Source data
====

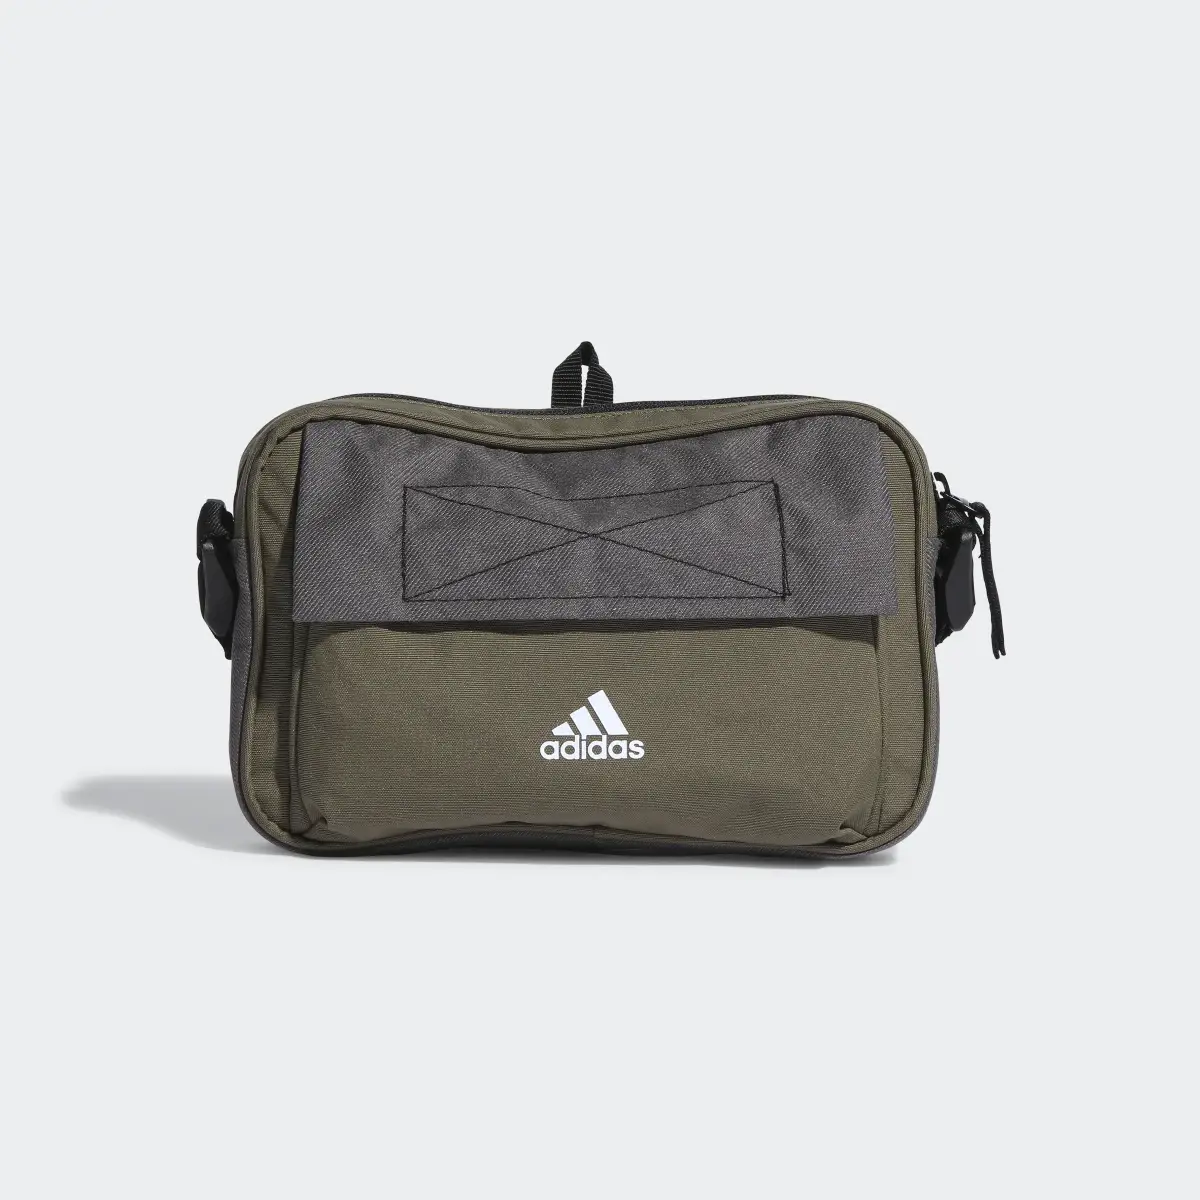 Adidas City Xplorer Organizer Bag. 2
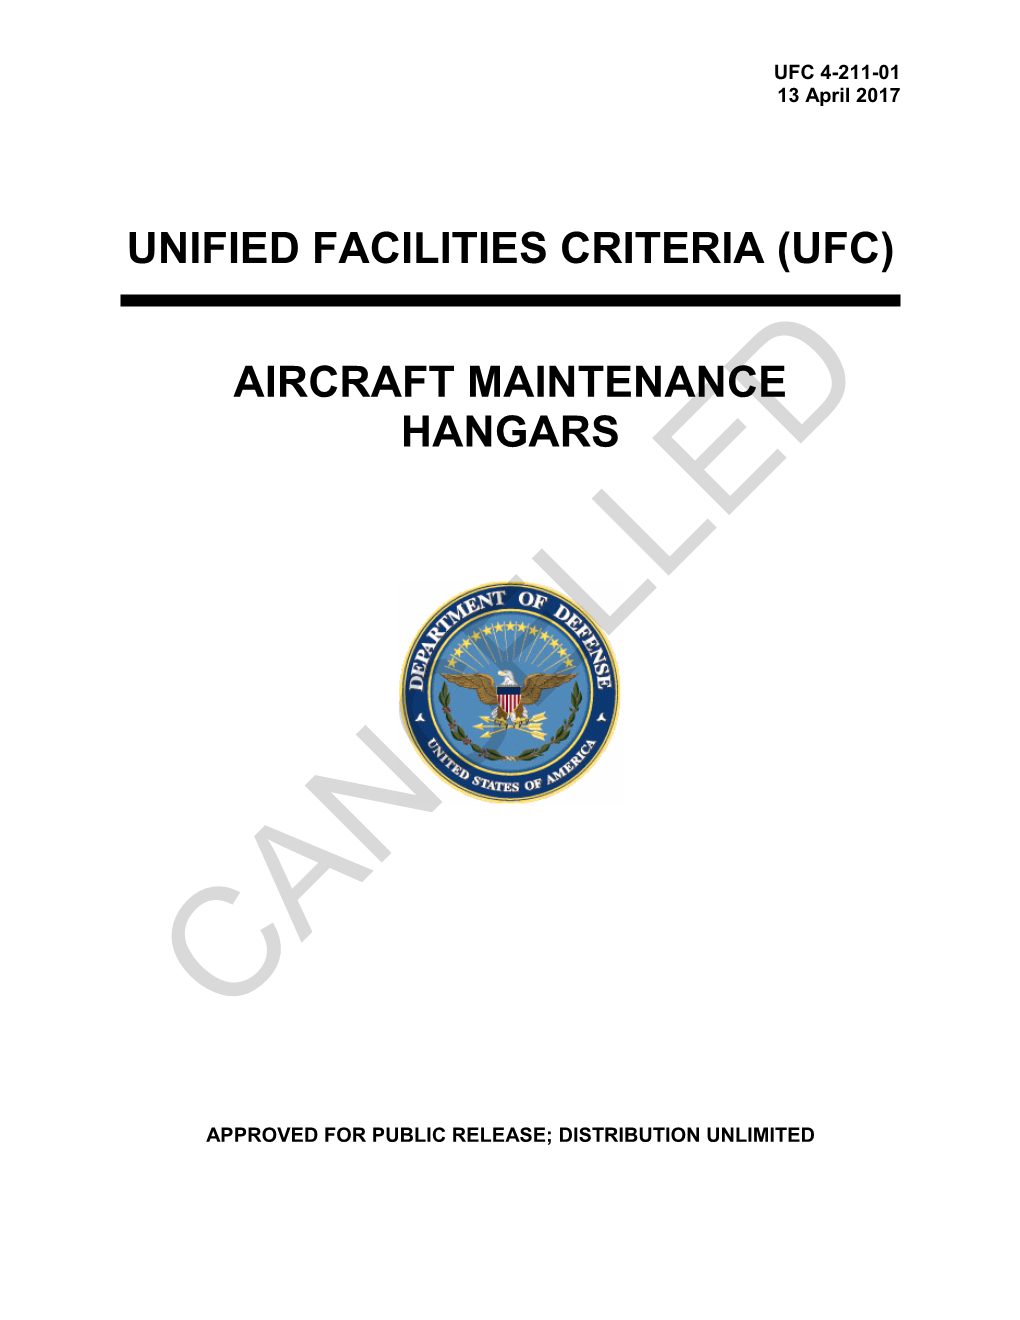 UFC 4-211-01 Aircraft Maintenance Hangars
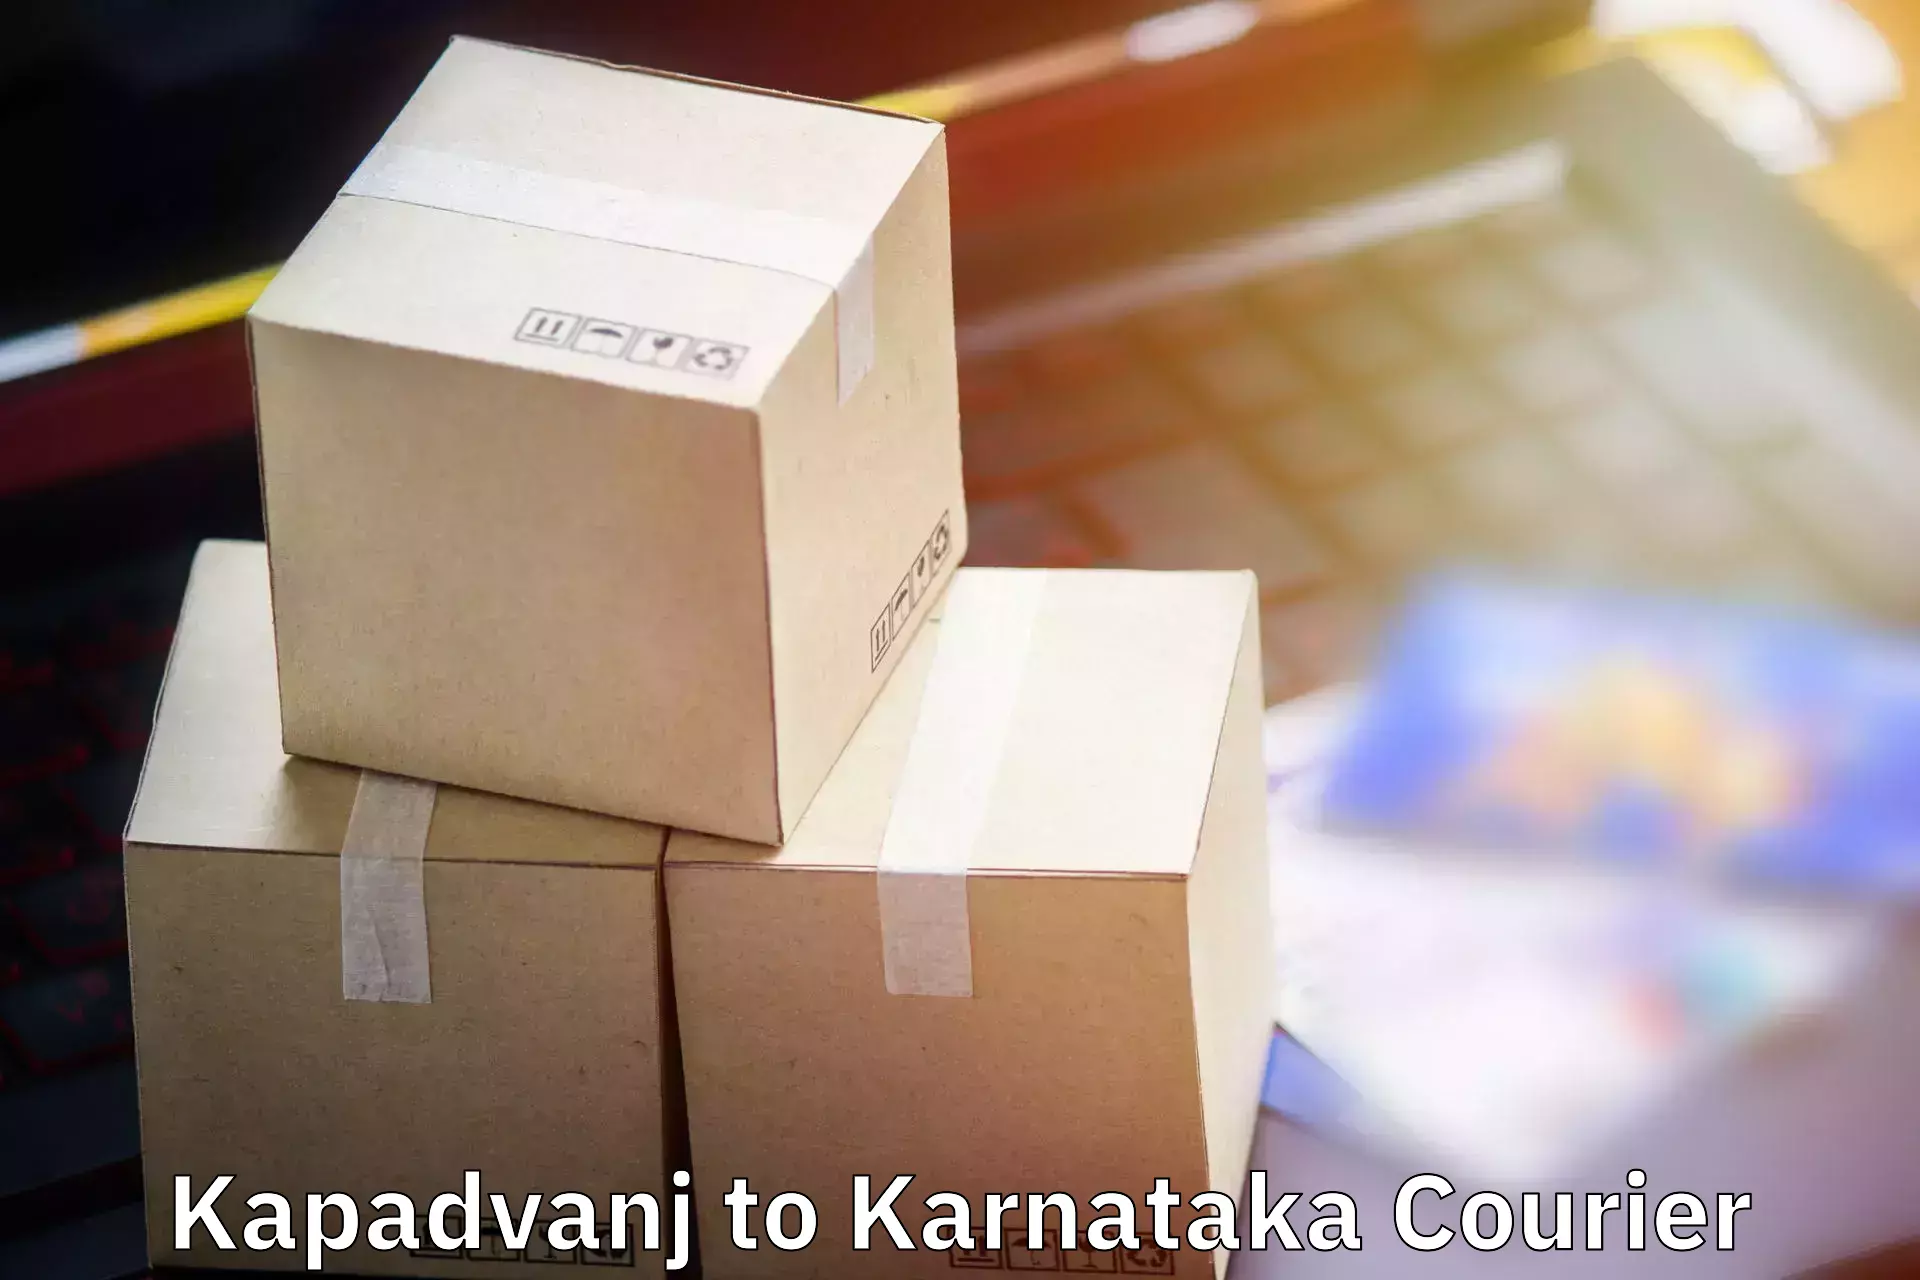 Luggage shipment processing Kapadvanj to Kanjarakatte
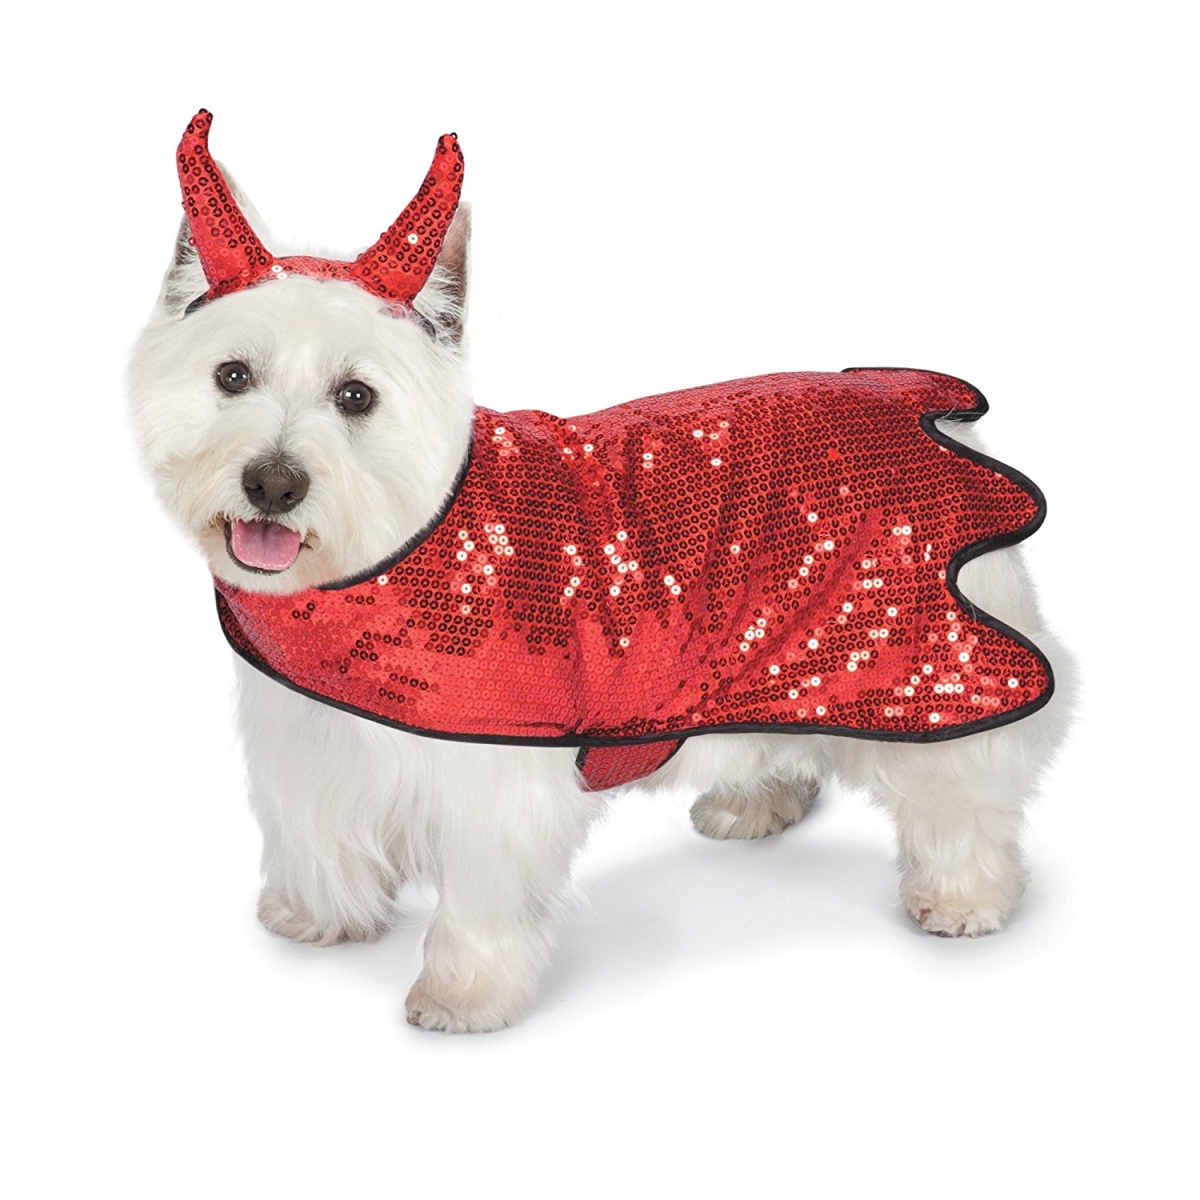 Sequin Devil Dog Costume - Large
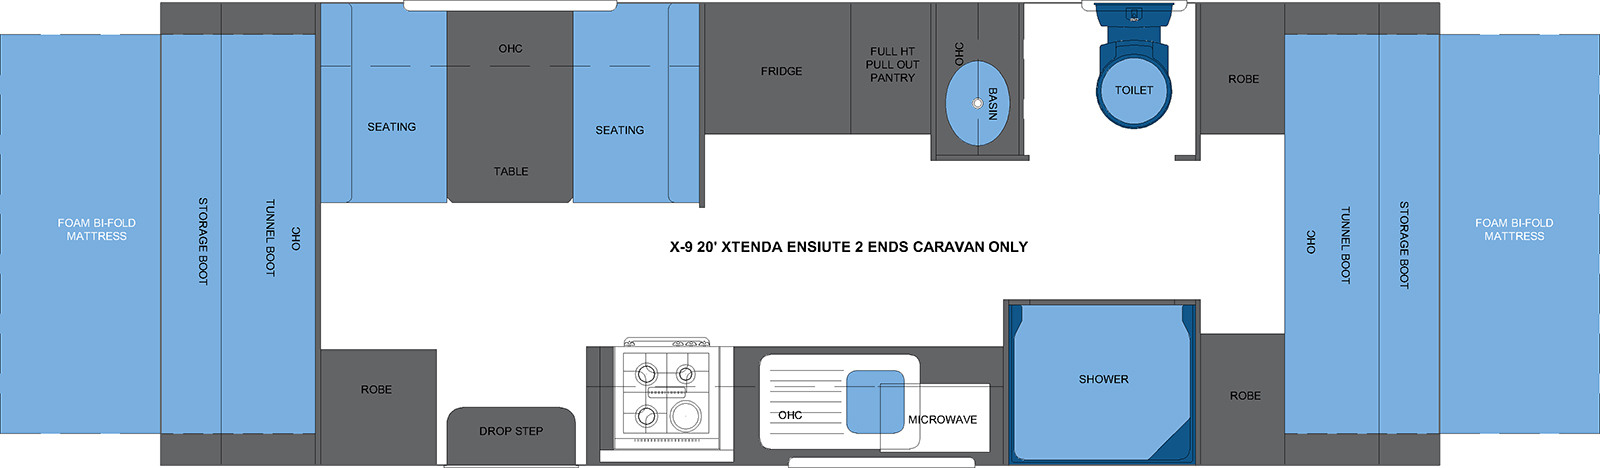 X-9 20' XTENDA ENSUITE 2 ENDS CARAVAN ONLY

====

### What you need to do
Each entry above should be copied exactly. The pictures should not.

### Expected answer
 Adidas City Xplorer Organizer Bag. 2
 UFC 4-211-01 Aircraft Maintenance Hangars
 Luggage shipment processing Kapadvanj to Kanjarakatte
 Sequin Devil Dog Costume - Large
 X-9 20' XTENDA ENSUITE 2 ENDS CARAVAN ONLY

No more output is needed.